While it’s true that having great cyber security habits on your business or personal computer will reduce the risk of a hack to your WordPress website, you’ll need to develop a new security regimen just for your website, and possibly even employ a few new tools. Because about 75 percent of all websites built with WordPress are vulnerable to hackers and malware… and you shouldn’t let yours be one of them.

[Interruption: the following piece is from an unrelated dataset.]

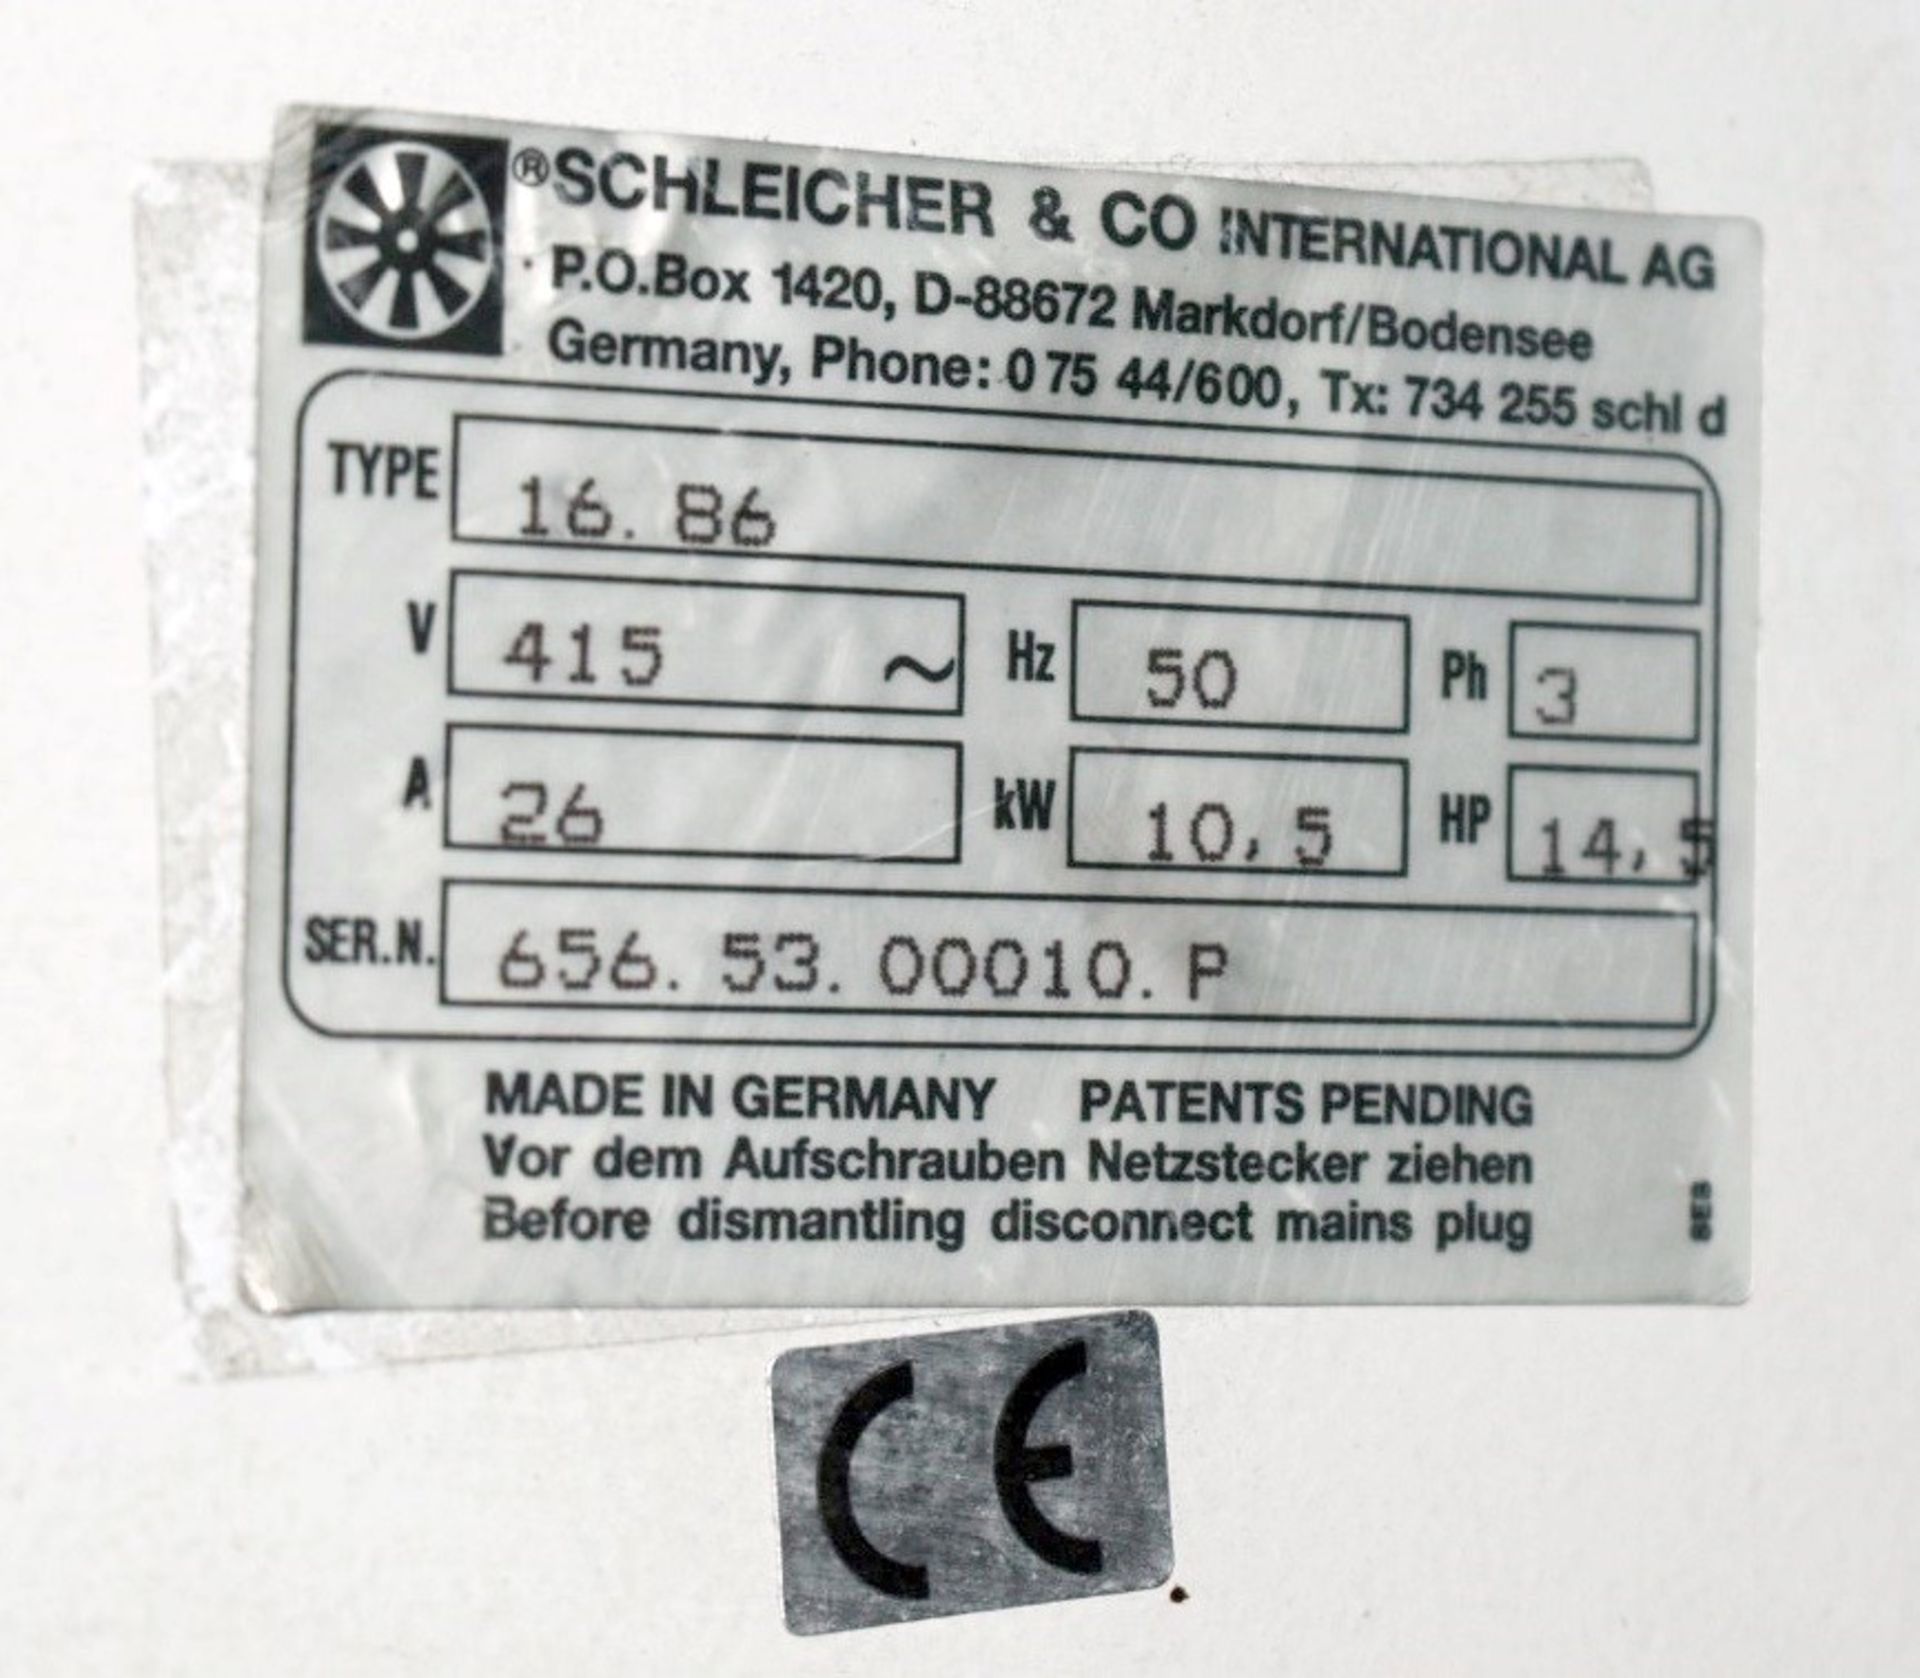 1 x Schleicher Confidential Document Shredder - Industrial Shredding Machine  - Type S860 CSL - 3 - Image 10 of 10

The simple tricks and tips which can help secure your website aren’t that labor intensive, and can make a powerful difference when deterring hackers. In general, there are three different layers of security to be concerned about: your cpanel and database, your WordPress template and plugins, and your user habits and authentications.

Your Hosting Cpanel & Admin Area

This is one of the key areas which hackers can infiltrate, especially if you’re on a shared hosting plan. The first line of defense is to ensure your cpanel and databases are all updated to their most current version, as often updates in versions offer security fixes and patches. But you should also log into your databases and find the common fields which WordPress auto-names. These fields, since they’re commonly named the same thing across all WordPress installs, should have a slightly altered name and recall both in your database and in your WordPress framework. This will make hacking your hosting and database all the more difficult!

Your WordPress Framework, Template, and Plugins

The same logic generally applies to your WordPress framework. Since much of this collateral is public, it’s easy for hackers to identify the simple backdoors which are available on any WordPress framework, and then use them indiscriminately. Most patches and updates secure these holes, so updating any element of your WordPress framework which allows you to is very important.

But you should also critically assess the quality of your template and plugins. Are they free or paid? Are they maintained by their authors? Are their authors reputable in the WordPress community? It’s not uncommon for novice WordPress users to download templates or plugins which are poorly coded and easy to hack.

Also, reduce the number of plugins which you use in general. Stick to premium plugins which offer the most functions, rather than cobbling together the functions that you want with multiple free plugins. The fewer plugins you have, generally the less risk your website will have.

Your User Habits and Authentications

Do you click on every link which is left in the comments on your website? Don’t! As a general rule of thumb, trash any comments with links, which can easily hide executable codes. And make sure that your login credentials are strong, and contain at least seven unique characters which don’t spell a name or word. Since many hackers utilize brute-force attacks simply to crack login information, the more complicated your login information, the safer you’ll be.